Orta doğuda değil Dünyada süper güce bu denli uzun süre ters düşüp direnen başka benzer bir ülke gösterilebilir mi? Sinerek değil, ayakta durarak, psikolojik duruşunu moral bakımından görünür tutabilmektedir


Medeni ve manevi sosyal hayat bakımından kendi iç işidir, o konuda yorum başka zaman olabilir। Ancak dış siyaset ve diplomasideki istikrarın moral destekten güç aldığı muhakkak। Yalnız ilahi sistemin olumlu olumsuz dünya hayatı ortamında kulların irade serbestisini sağlayan doğal insan hareketinin sınırlanması önemli bir analiz konusudur। Ancak her yönden aşırılar ikaza muhatap olmalıdır


İran kendi dini yorum ve anlayışı ile dünya siyasetine yansıyan aksiyonu olarak, C. Başk. Ahmedinejat'ın dilinden: " İran Milleti Amerikanın değil Allah'ın kuludur" diyerek yıllardan beri diplomasi manevraları ile ve söylemlerinin istikrarı doğrultusunda "İran halkı kendi yolunu sürdürüyor" demektedir.

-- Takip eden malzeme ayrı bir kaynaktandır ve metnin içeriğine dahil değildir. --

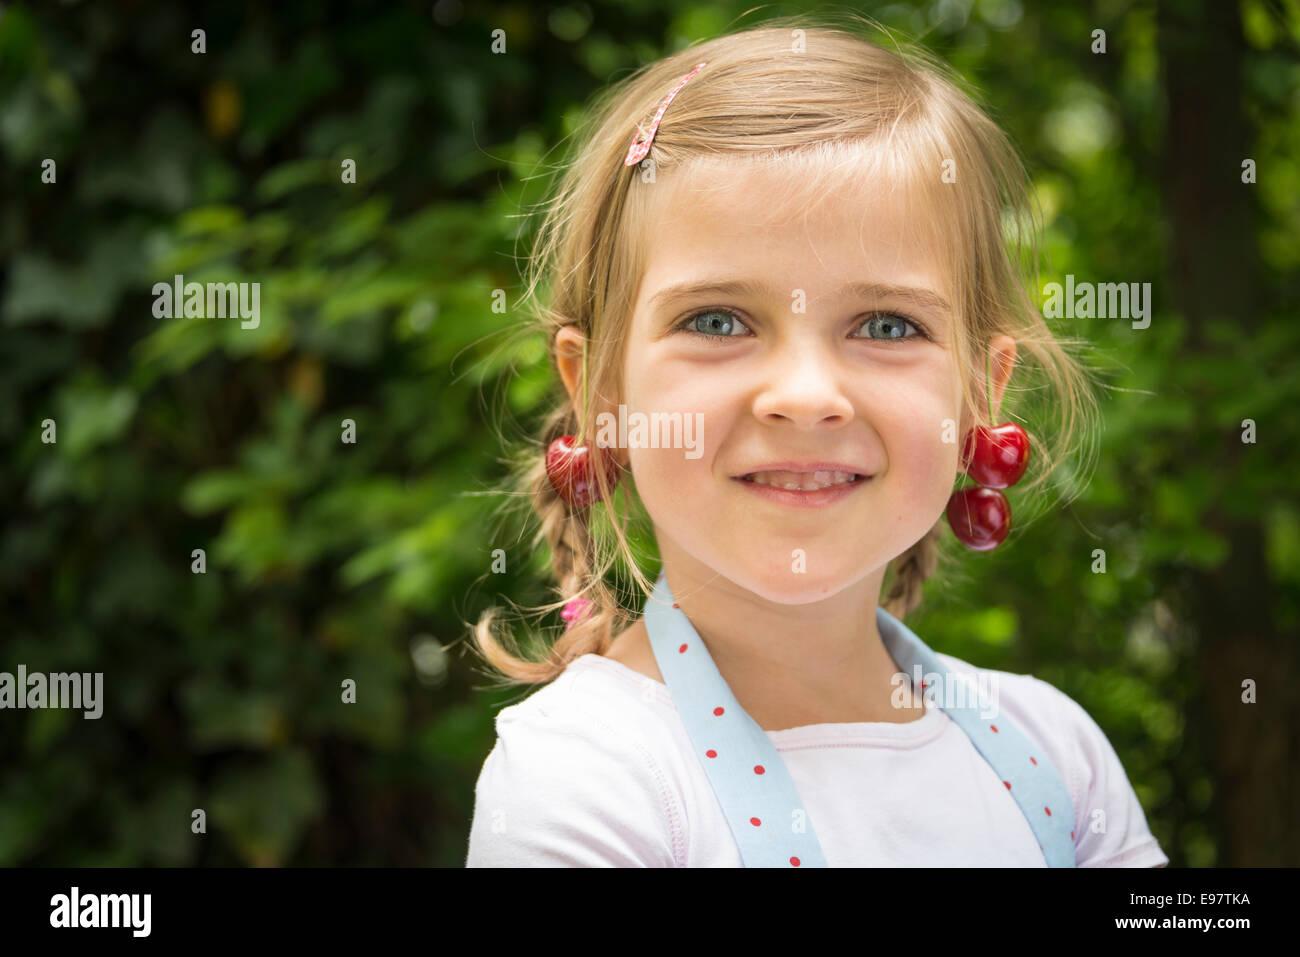 Ritratto di bambina, ciliegie penzolante dal suo orecchio Immagini Stock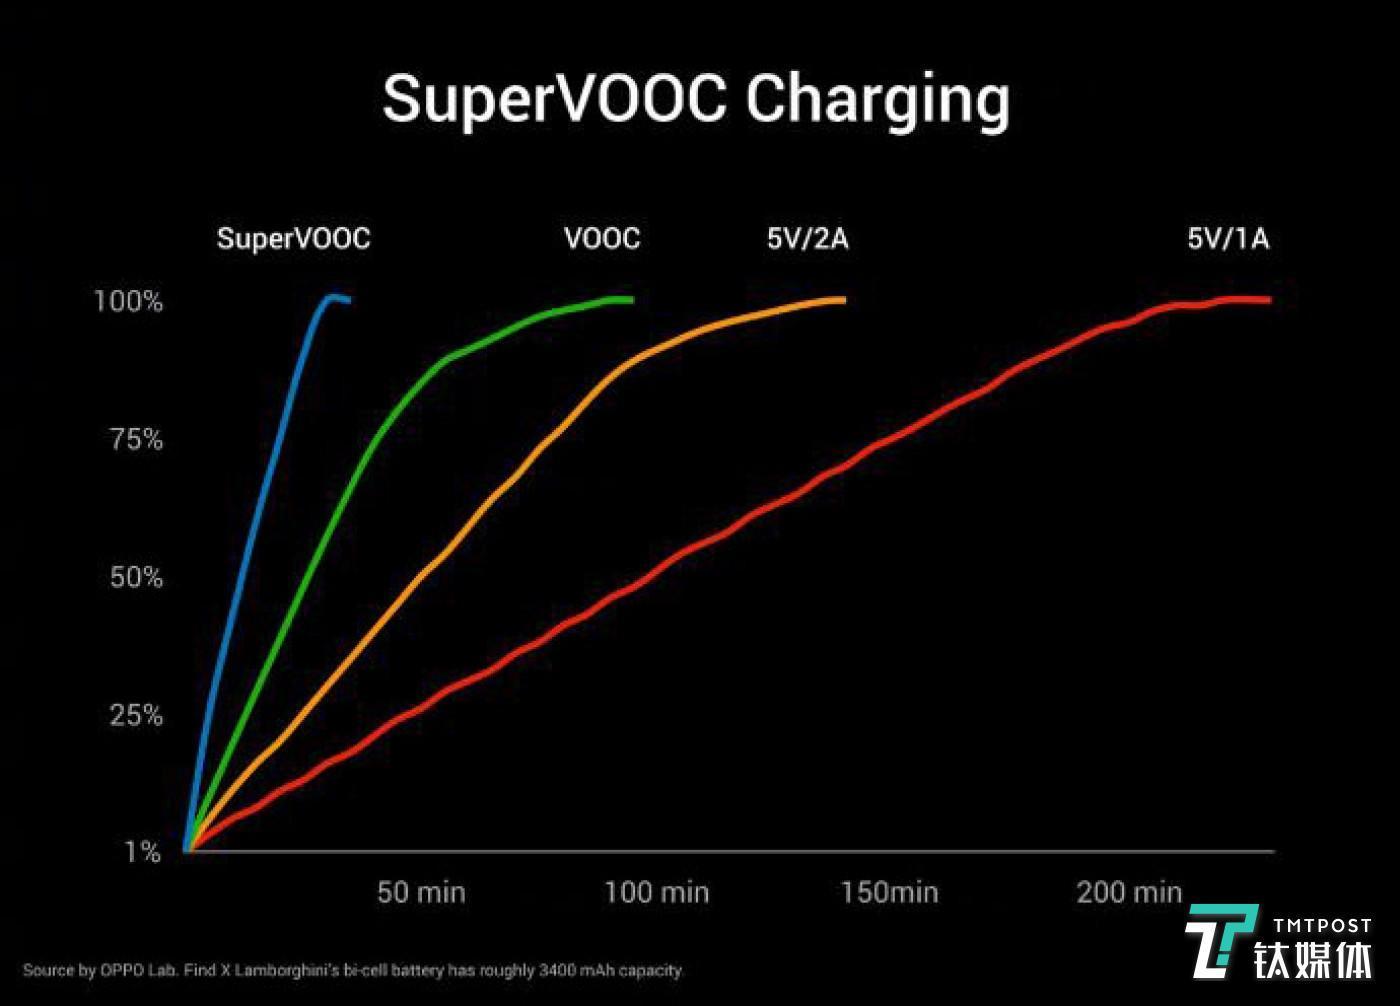 超级闪充技术充电更快

Dış politikasının sratejik yöntem ve hedeflerini kendi ideolog ve değer yargılarından üreten İran, son zamanlarda nükleer enerji çalışmaları, uranyum zenginleştirme çabaları ve Saddam’ın devrilmesi, Irak’ın işgal edilmesinin ardından bölgede oluşmakta olan Şii eksenin dinamizm kaynağı olarak görülen İran, Bu moral gücünü aktüel polikalarının yanında geçmişten gelen jeostratejik konumunun birikimiylede desteklemektedir.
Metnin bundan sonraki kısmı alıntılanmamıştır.